### Description of the task
Among the lines below, the one containing "Недвижимость в Испании, Квартира" opens the range and the one containing "Flock of sheep" closes it. Print that range exactly, without the pictures.

### Available data
┄┄┄┄┄┄┄┄┄┄┄┄┄┄┄┄┄┄┄┄

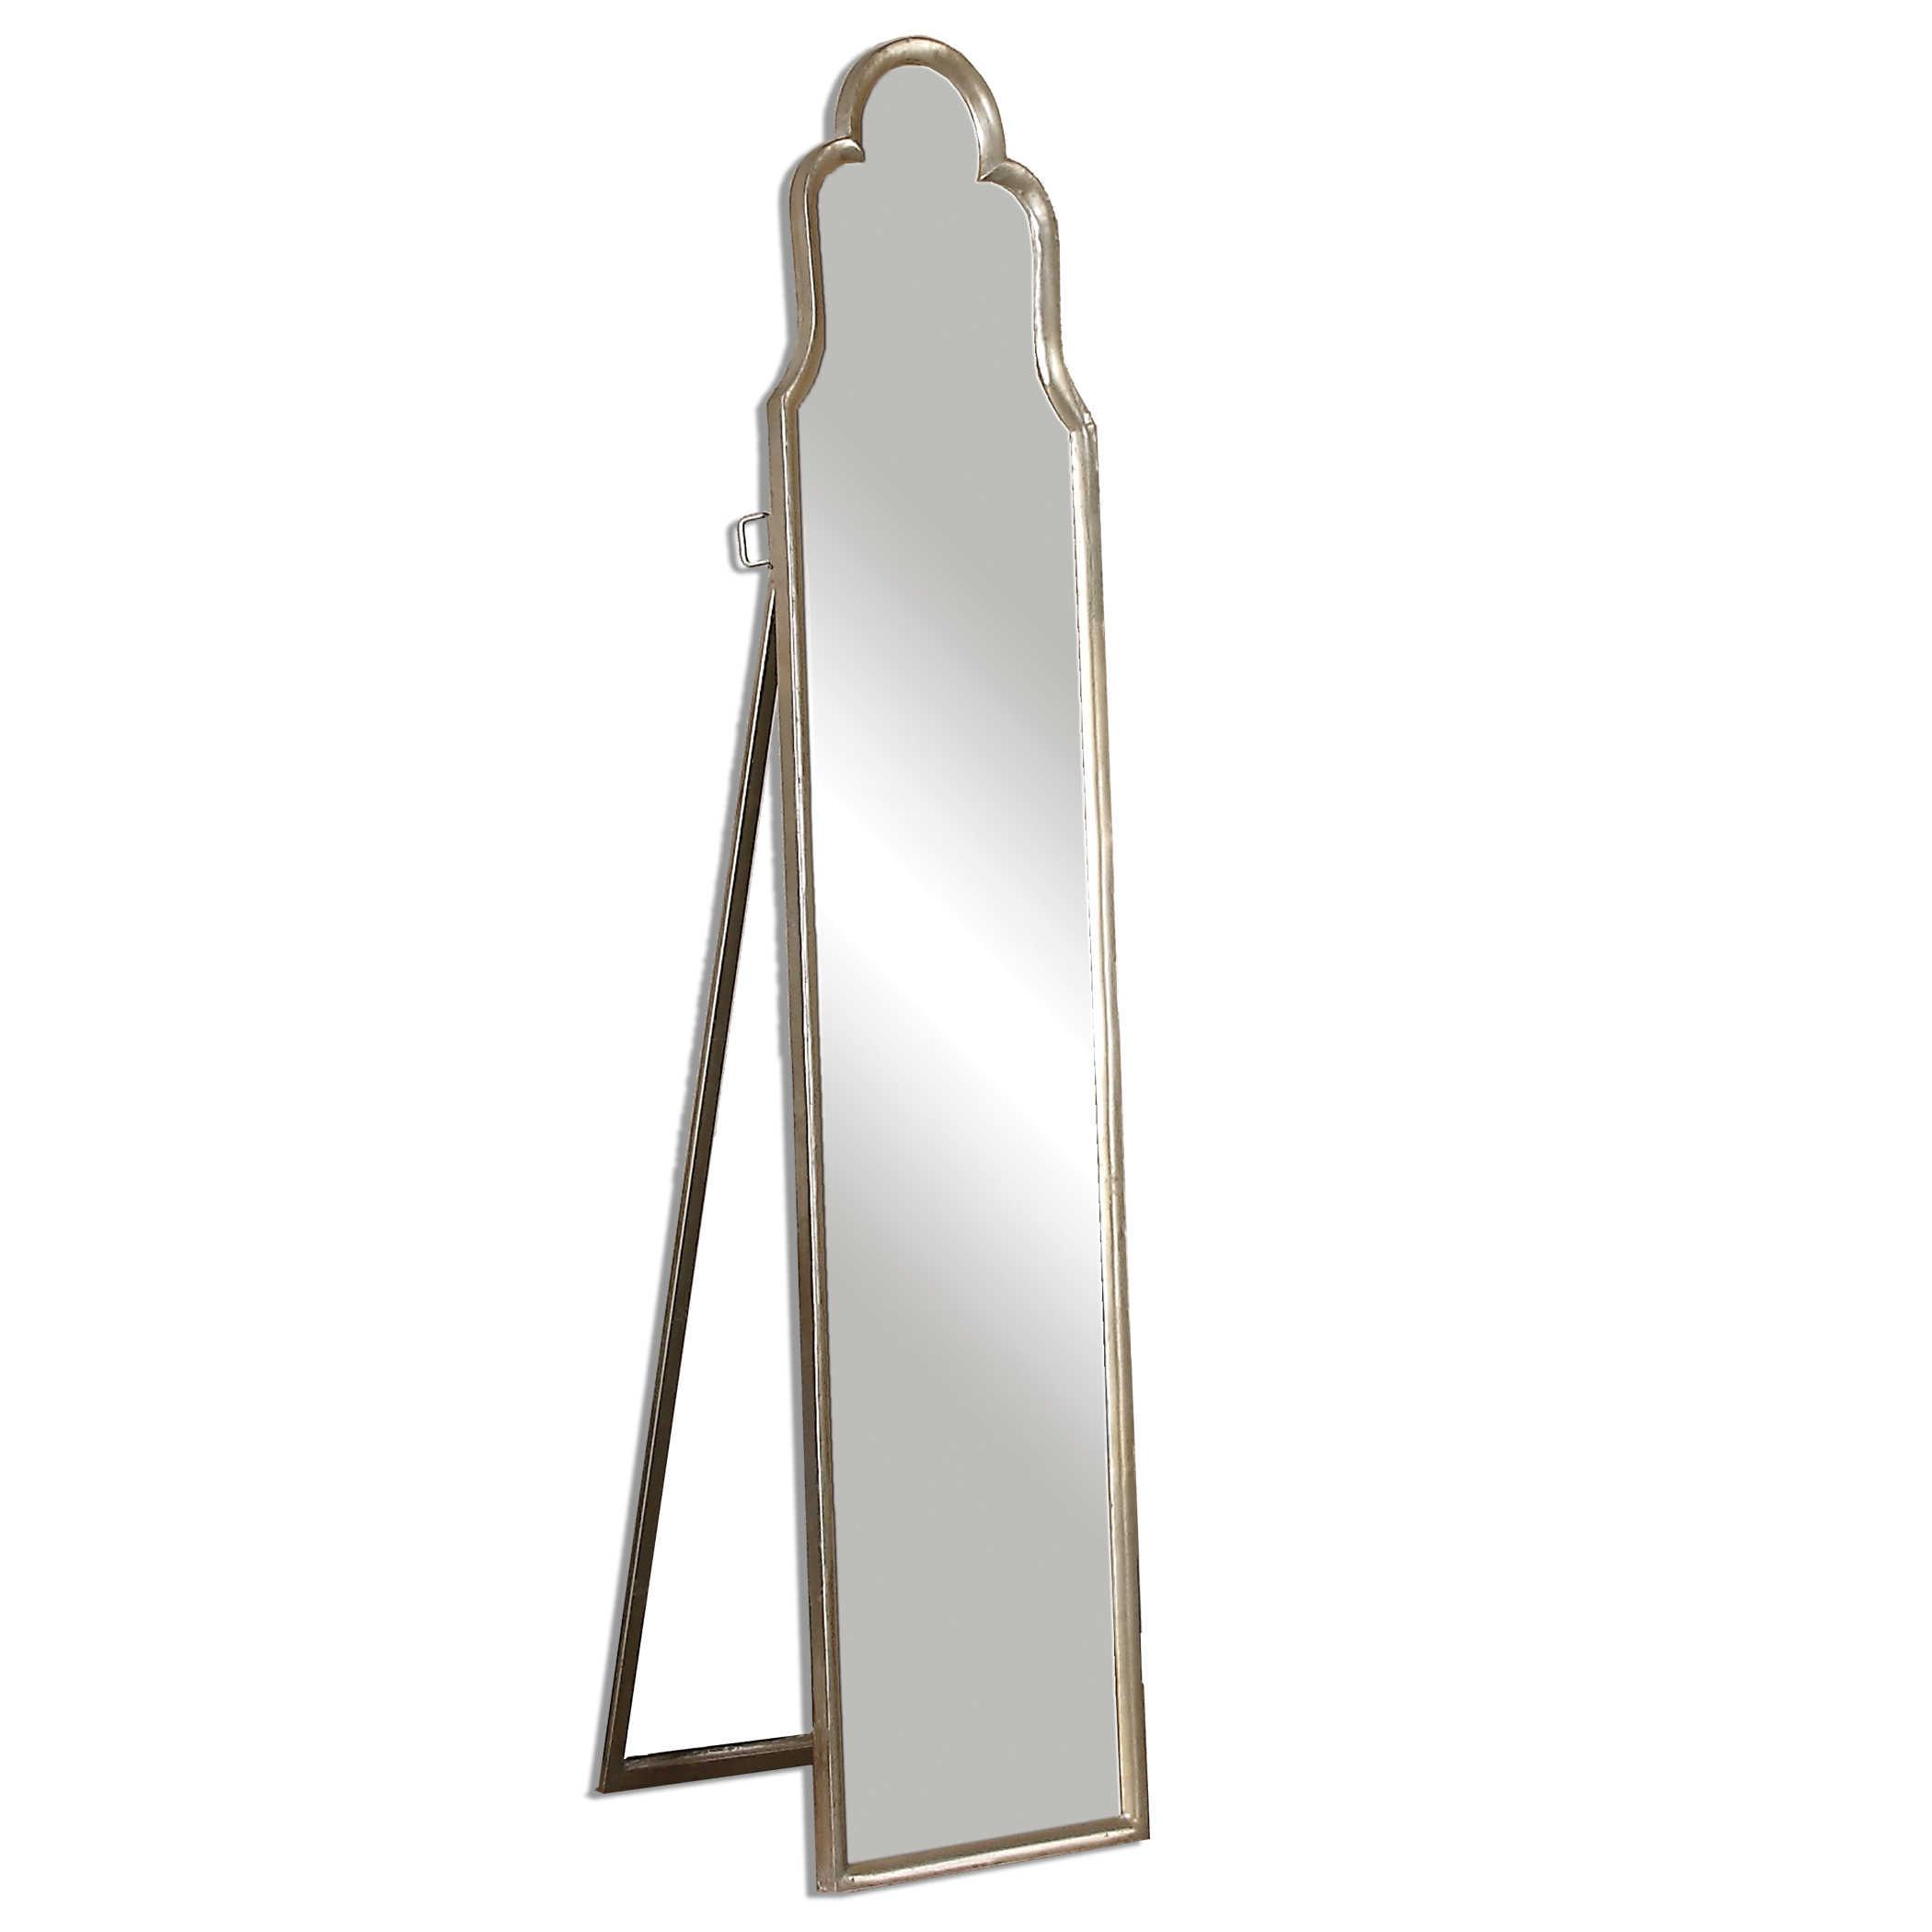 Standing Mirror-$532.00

┄┄┄┄┄┄┄┄┄┄┄┄┄┄┄┄┄┄┄┄

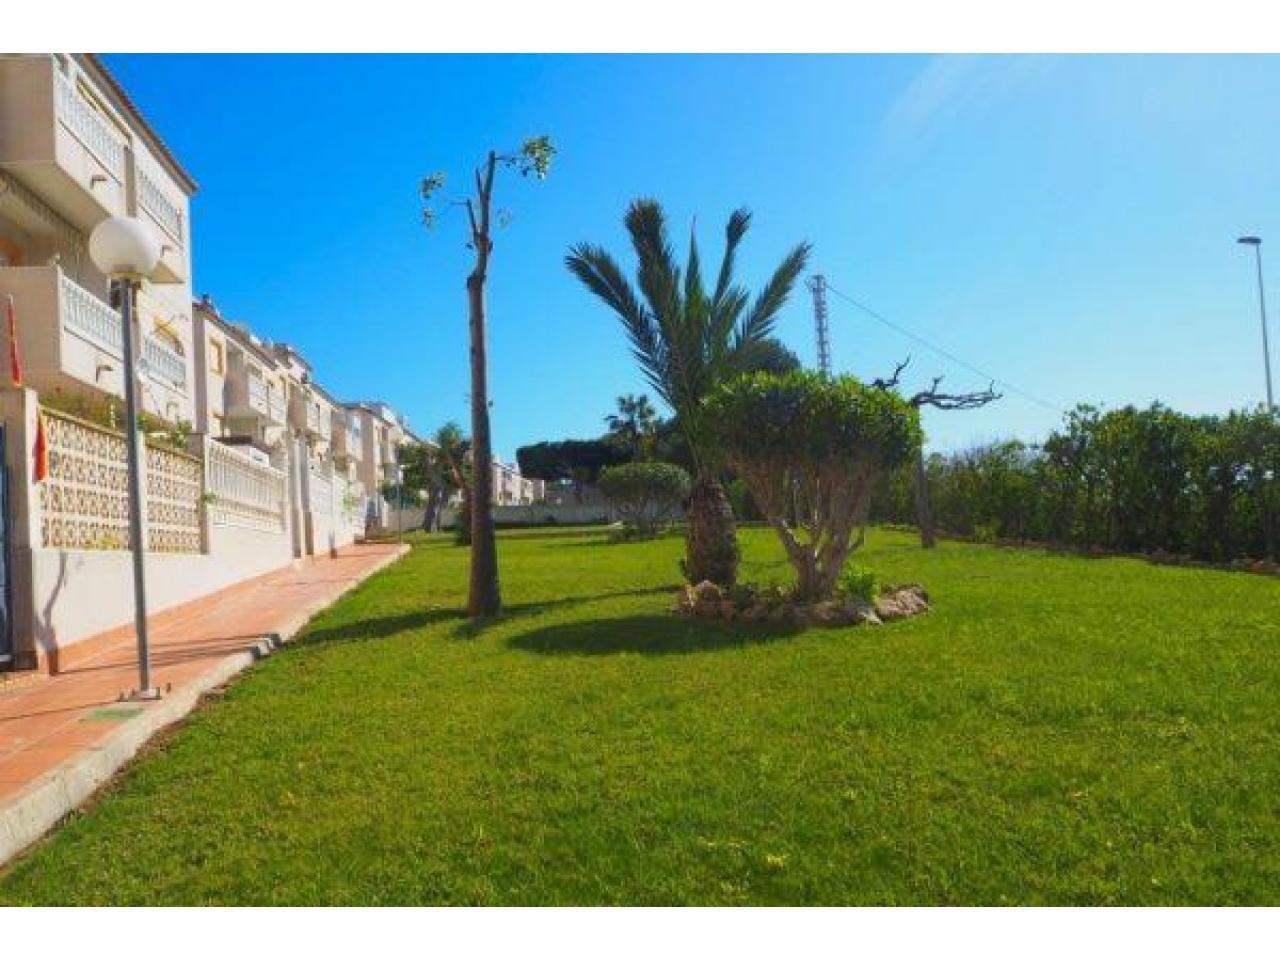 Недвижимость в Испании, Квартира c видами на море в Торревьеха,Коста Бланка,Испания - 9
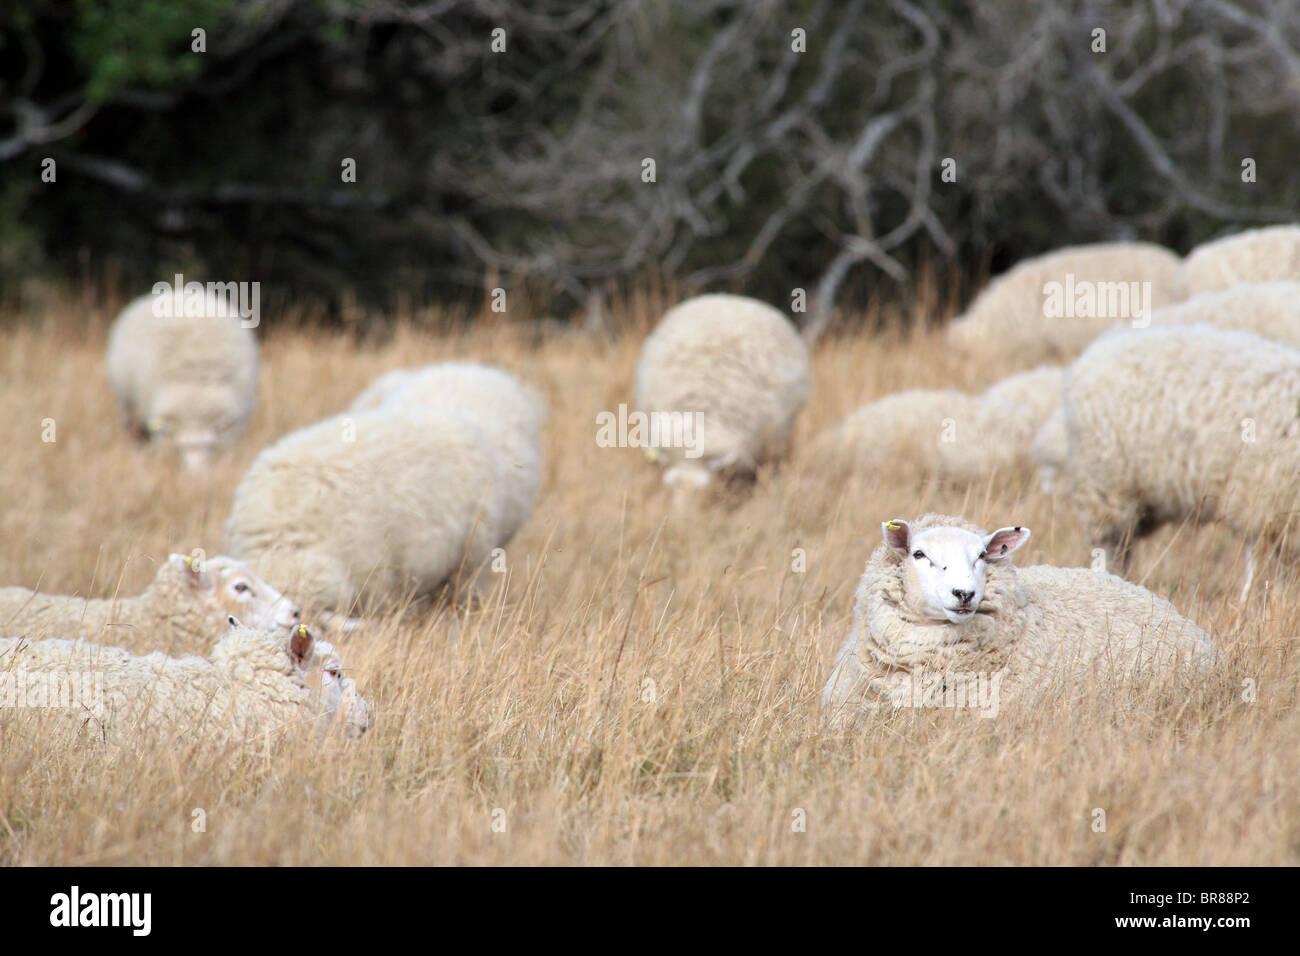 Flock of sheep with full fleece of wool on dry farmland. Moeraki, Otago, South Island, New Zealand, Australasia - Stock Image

┄┄┄┄┄┄┄┄┄┄┄┄┄┄┄┄┄┄┄┄

### Output for this exercise
 Недвижимость в Испании, Квартира c видами на море в Торревьеха,Коста Бланка,Испания - 9
 Flock of sheep with full fleece of wool on dry farmland. Moeraki, Otago, South Island, New Zealand, Australasia - Stock Image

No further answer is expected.